Fortunately I've found some FilmConvert settings that seem to reduce it (it involves film grain and the GH4 CineLike D Low Contrast profile with no prior LUT applied), but that's not going to work for everyone. I'm always going for a "film" kind of vibe and enjoy FilmConvert's grain... but this has pretty much reduced V-LOG L to when I'm looking for that feel. Most of the time I'm going to stick with Portrait I think.
 
Even worse news - during a shoot today I decided to see just how deep the magenta blocking issue goes, and used focus assist on a wall, punched in 6x. ON THE LCD, BEFORE ANY KIND OF RECORDING, I can see the macro-blocking.

Fortunately I've found some FilmConvert settings that seem to reduce it (it involves film grain and the GH4 CineLike D Low Contrast profile with no prior LUT applied), but that's not going to work for everyone. I'm always going for a "film" kind of vibe and enjoy FilmConvert's grain... but this has pretty much reduced V-LOG L to when I'm looking for that feel. Most of the time I'm going to stick with Portrait I think.
Yep, I'm seeing that too.

What's interesting is that processing 10 bit 4:2:2 footage recording from the HDMI out in Speedgrade doesn't show any macroblocking.

So I wonder whether the camera's display code is doing something similar to the way Premiere is decoding ProRes, that's introducing macroblocking into the image stream?

This is certainly becoming quite the investigation!!
 
Yep, I'm seeing that too.

What's interesting is that processing 10 bit 4:2:2 footage recording from the HDMI out in Speedgrade doesn't show any macroblocking.

So I wonder whether the camera's display code is doing something similar to the way Premiere is decoding ProRes, that's introducing macroblocking into the image stream?

This is certainly becoming quite the investigation!!

If that's true, then I wonder if the H.264 encoding in camera has a similar issue also - in other words, it's not just about the 8-bit depth encoding (though it certainly doesn't HELP).
 
Okay, hold on -- Paul tested and declared that there was blocking in everything. Then, when pointed out that his software was to blame, he then showed that yes indeed the software was the problem and there was no blocking to be seen. Am I understanding this correctly? Is this entirely a case of operator error, and the footage is not to blame at all? If so, we should really go delete all those posts, because it's scaring people for no valid reason.

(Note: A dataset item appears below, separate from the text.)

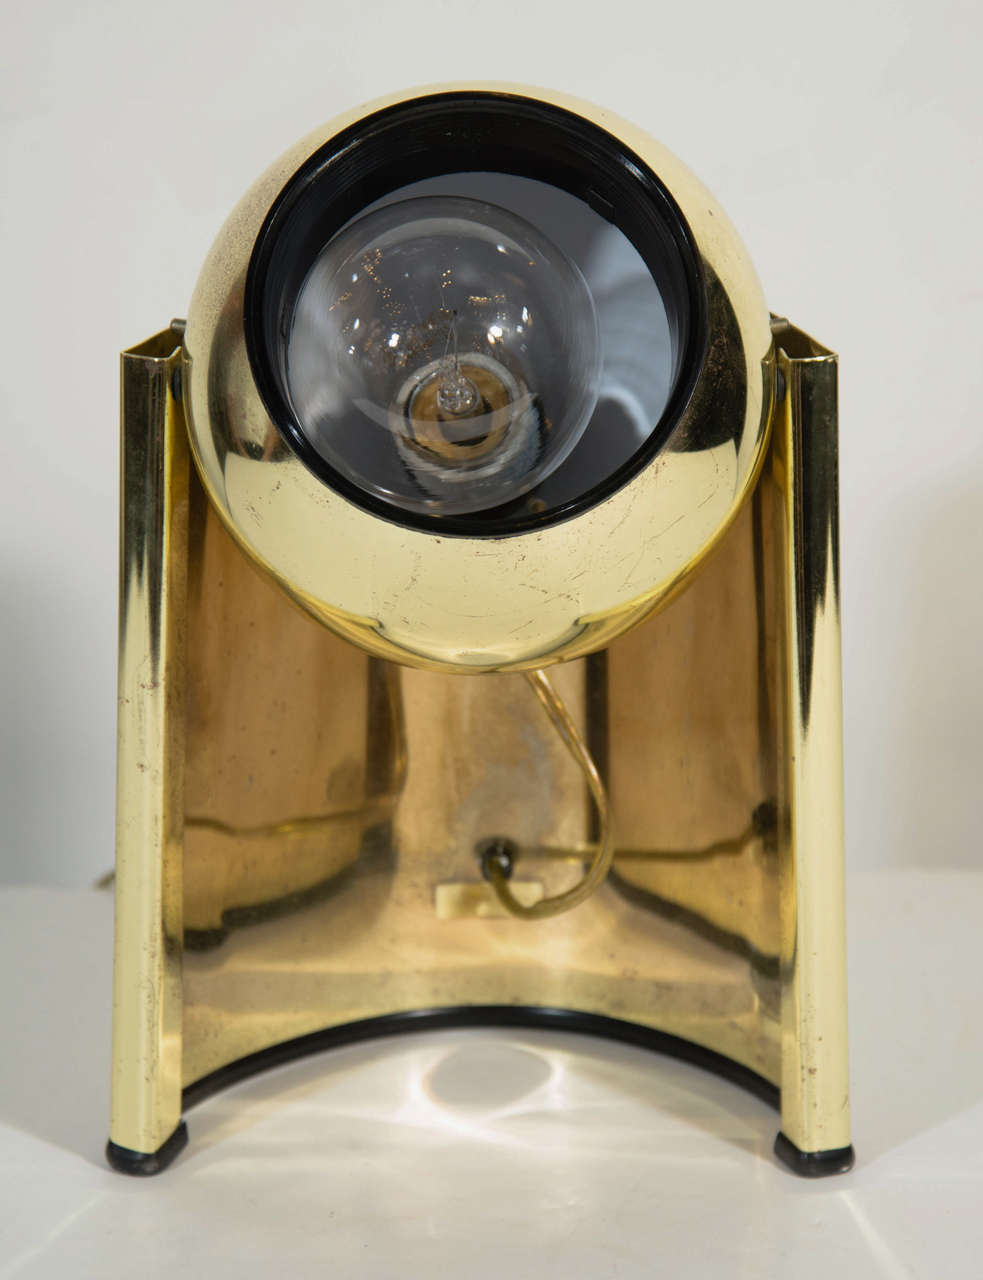 Pair of vintage orb spot lights in polished brass banded frames with black acrylic resin fittings. The lamps have curved orbital space age forms and feature adjustable spheres for preferred light direction.

Second, Brandon says that there's blocking in the LCD. I don't have a GH4 and cannot test that. I just pointed the DVX200 at a wall and door similar to what was shown earlier. I used the Odyssey 7Q+ (in both 8-bit 4:2:2 and 10-bit 4:2:2) to check. There was zero evidence of any magenta or green blocking, at all. I varied the exposure up and down the scale, I swapped between 8-bit and 10-bit, and I magnified the display to 2x, then 4x, then 12x. No evidence of it at all on the live feed. I then recorded (internal), played it back out to the Odyssey, and checked at 2x and 12x magnification. No evidence of any blocking.

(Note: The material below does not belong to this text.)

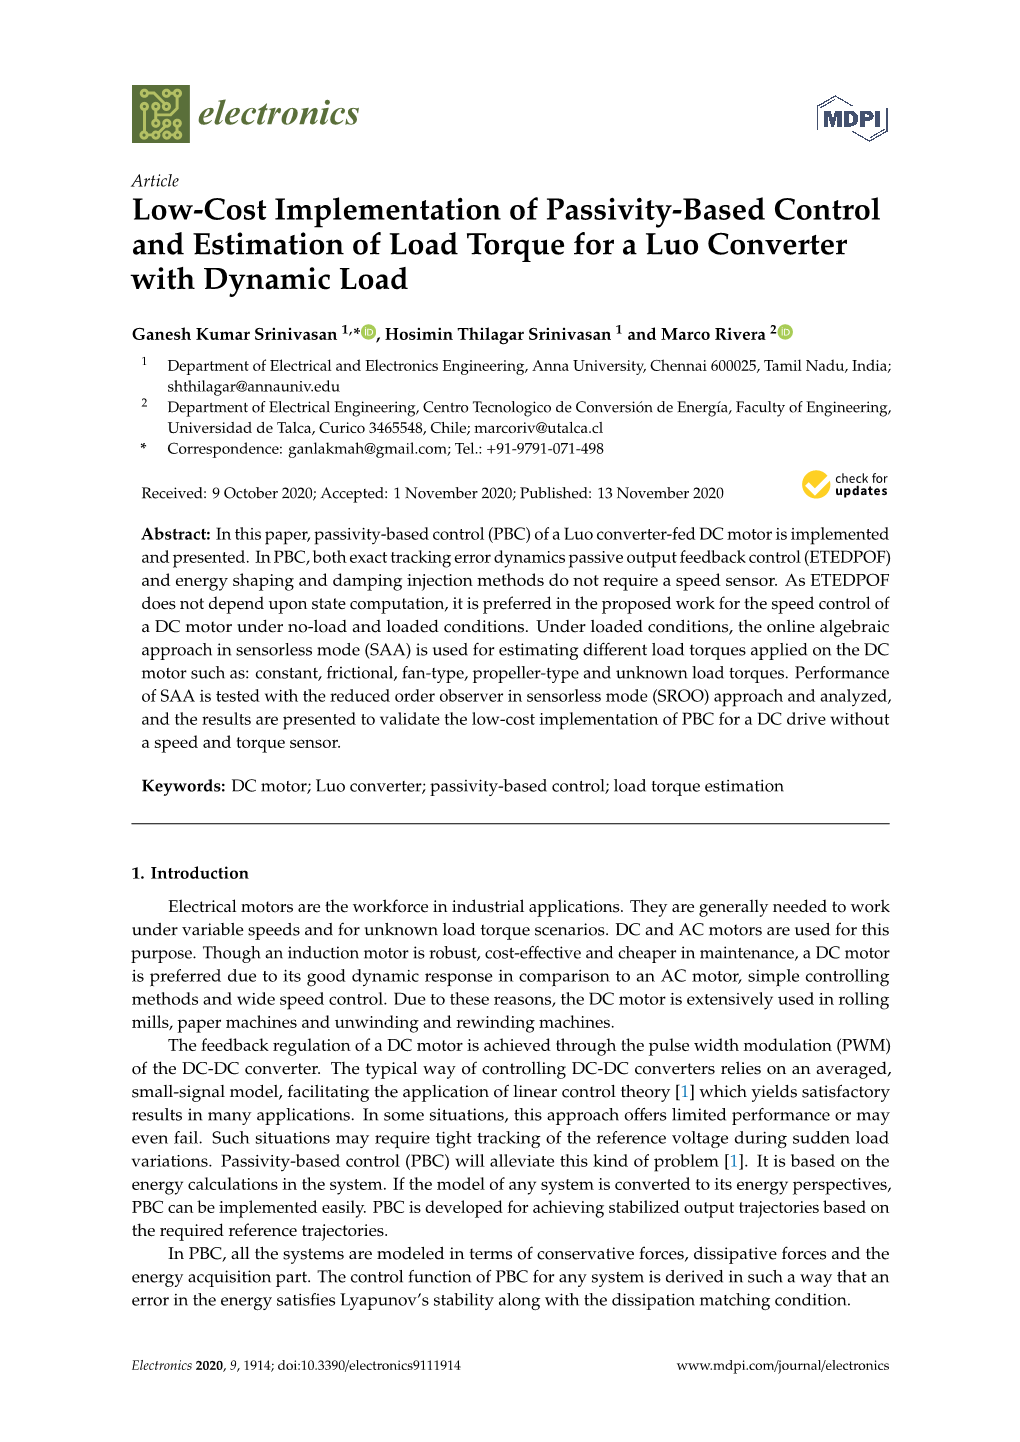 Low-Cost Implementation of Passivity-Based Control and Estimation of Load Torque for a Luo Converter with Dynamic Load

Paul, can you please verify whether you have an issue or not, by using the original footage in Speedgrade or something else?
 
Barry, I'm going to try to replicate my experience again on the LCD, and I'll snap a picture of the LCD with my phone if that works. However, I'm having a devil of a time figuring out how to embed images in messages without having it greatly reduced in size, and the message board keeps adding notes to Dropbox links breaking them - so I'm not sure how to share what I'm seeing.
 
Hmmm... Looking at the footage I shot internally earlier today, the macro blocking is way less apparent on the timeline than it was on the LCD (though I can still see something, but it's behaving differently and not nearly as "pink"). Perhaps the LCD has a separate issue and should be discarded from this discussion.
 
Okay, hold on -- Paul tested and declared that there was blocking in everything. Then, when pointed out that his software was to blame, he then showed that yes indeed the software was the problem and there was no blocking to be seen. Am I understanding this correctly? Is this entirely a case of operator error, and the footage is not to blame at all? If so, we should really go delete all those posts, because it's scaring people for no valid reason.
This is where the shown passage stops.